__What to do__
Repeat, word for word, all the data that follows, and exclude the pictures.

__Data extract__

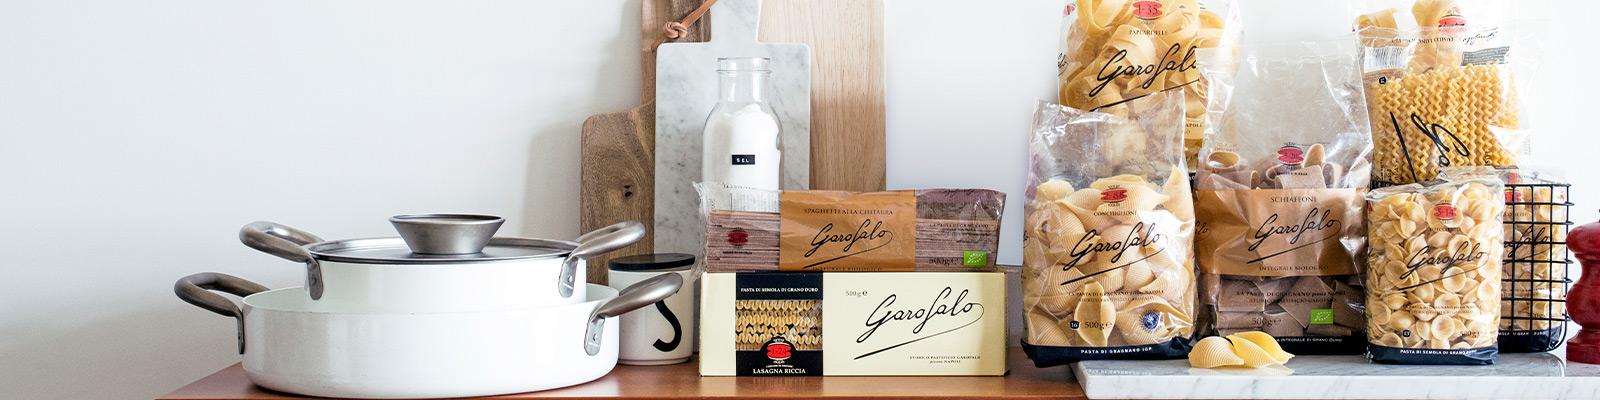 Pasta Garofalo - Produtos
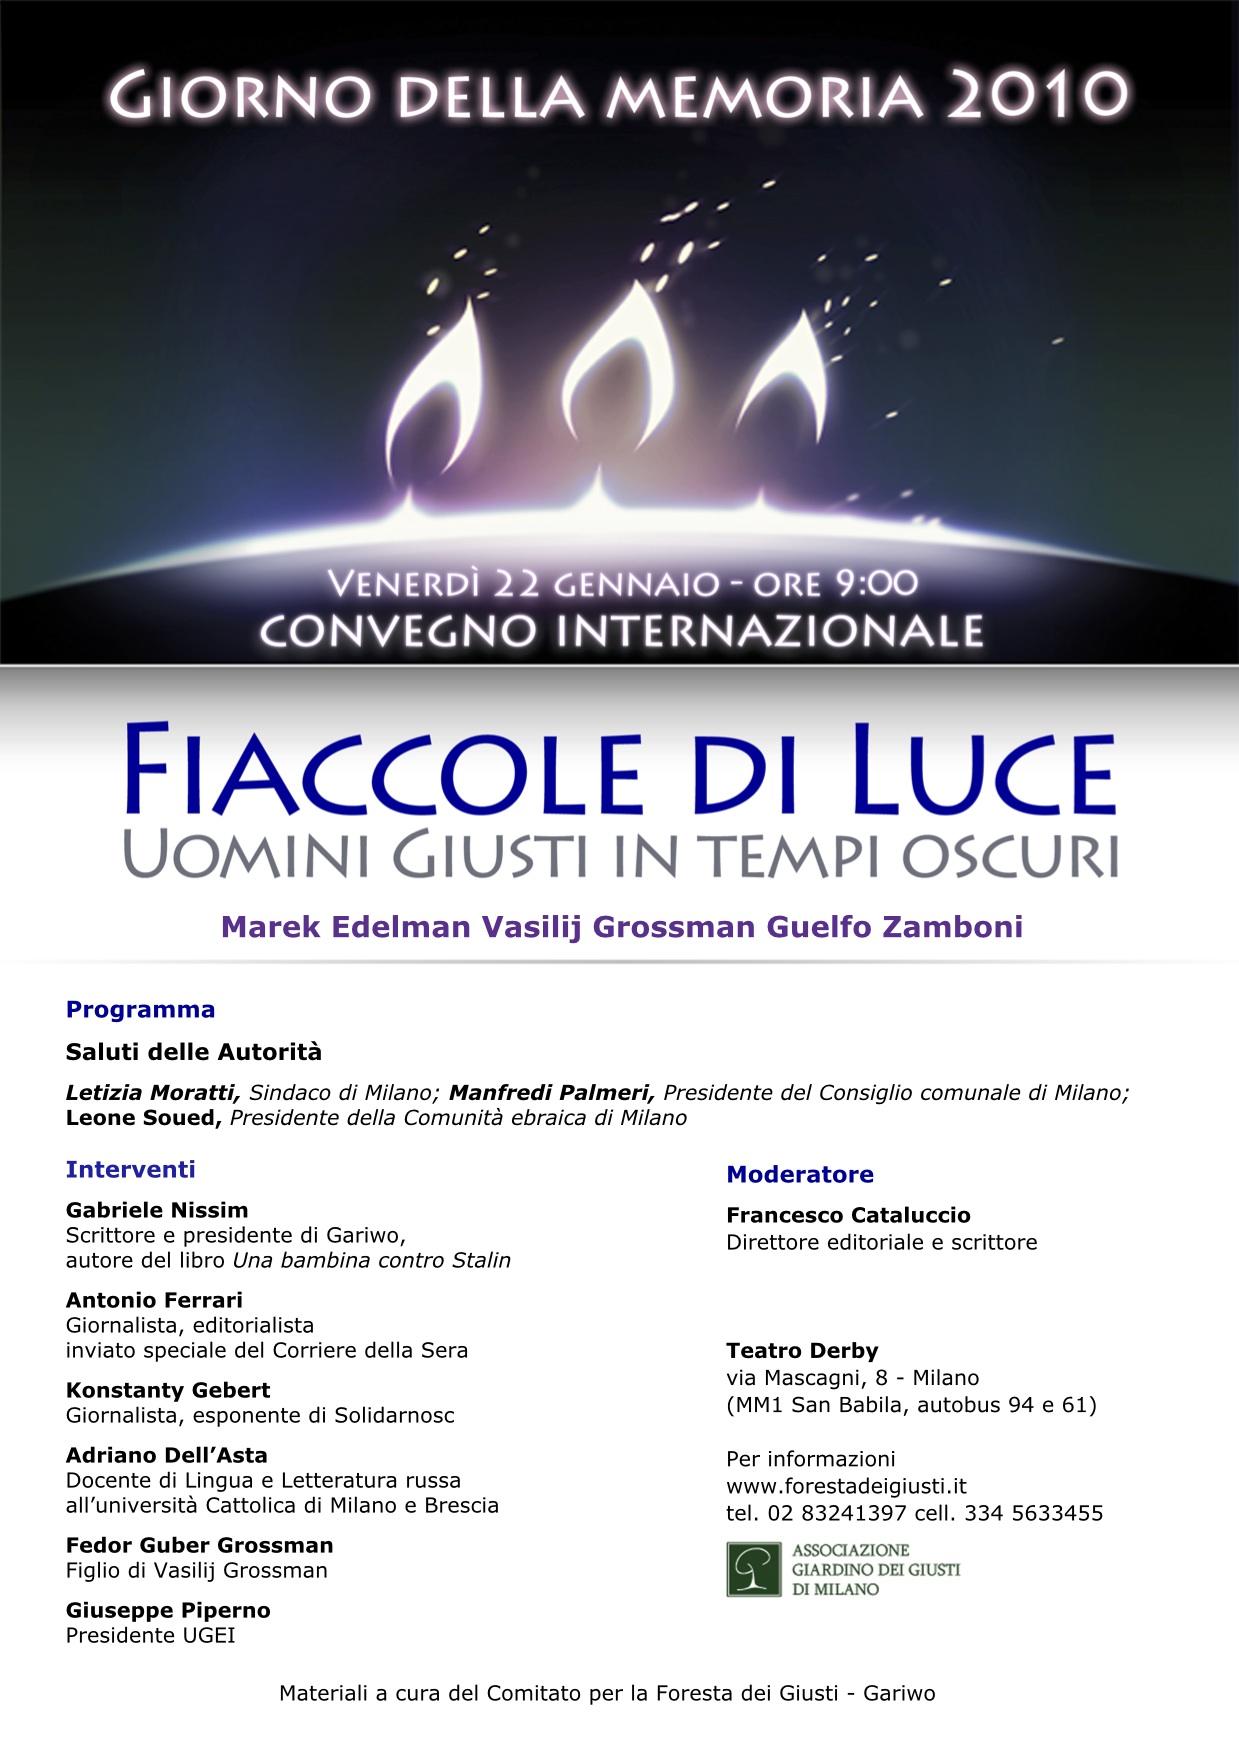 Fiaccole di Luce - 2010
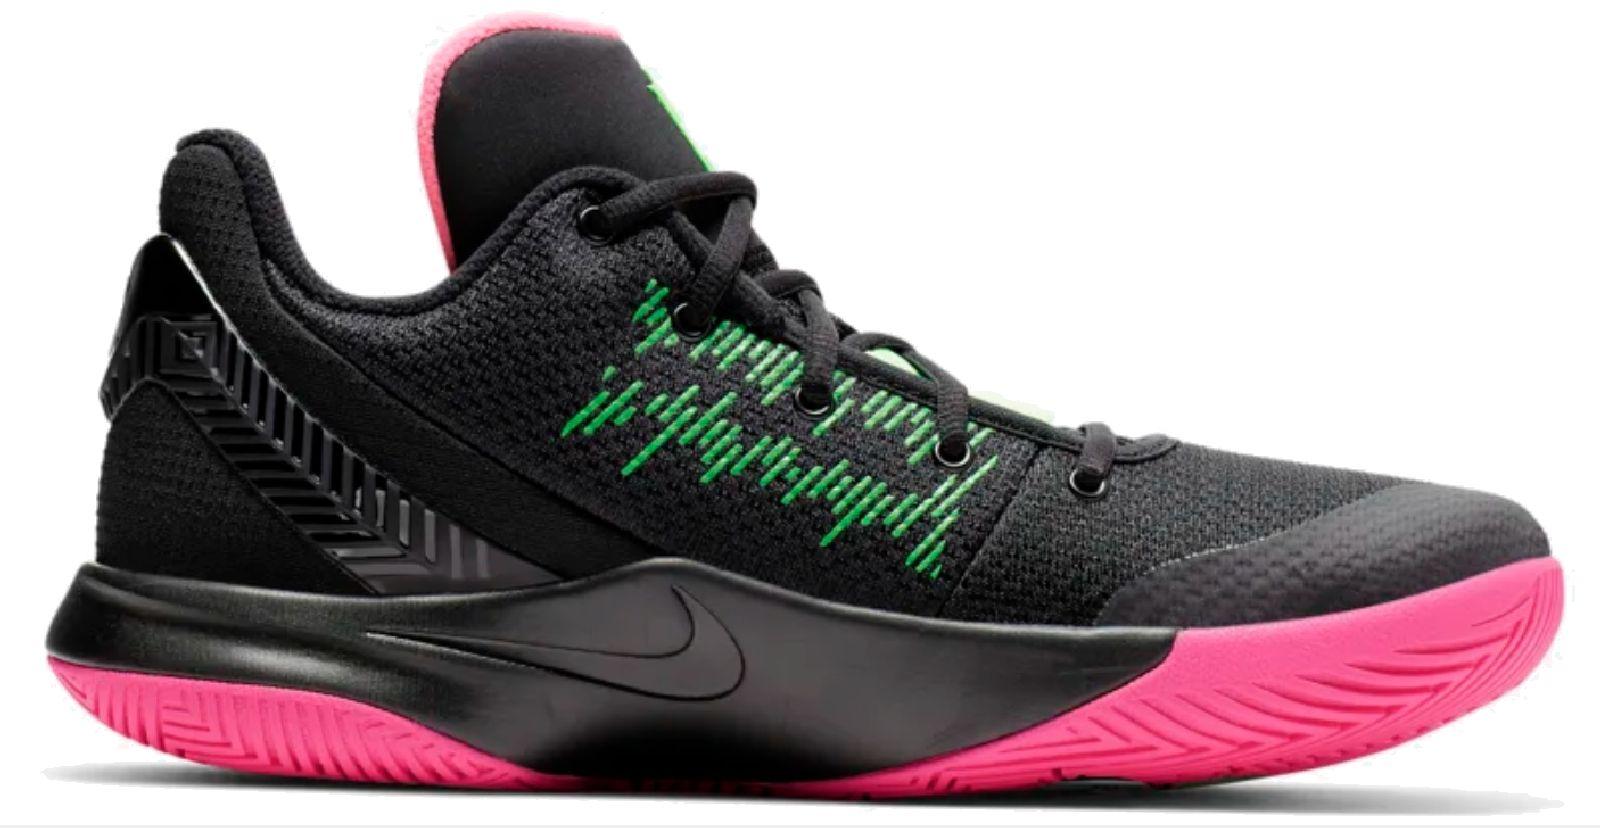 Zapatillas de baloncesto de hombre Kyrie Flytrap II Nike

__Response__
 Pasta Garofalo - Produtos
 Fiaccole di Luce - 2010
 Zapatillas de baloncesto de hombre Kyrie Flytrap II Nike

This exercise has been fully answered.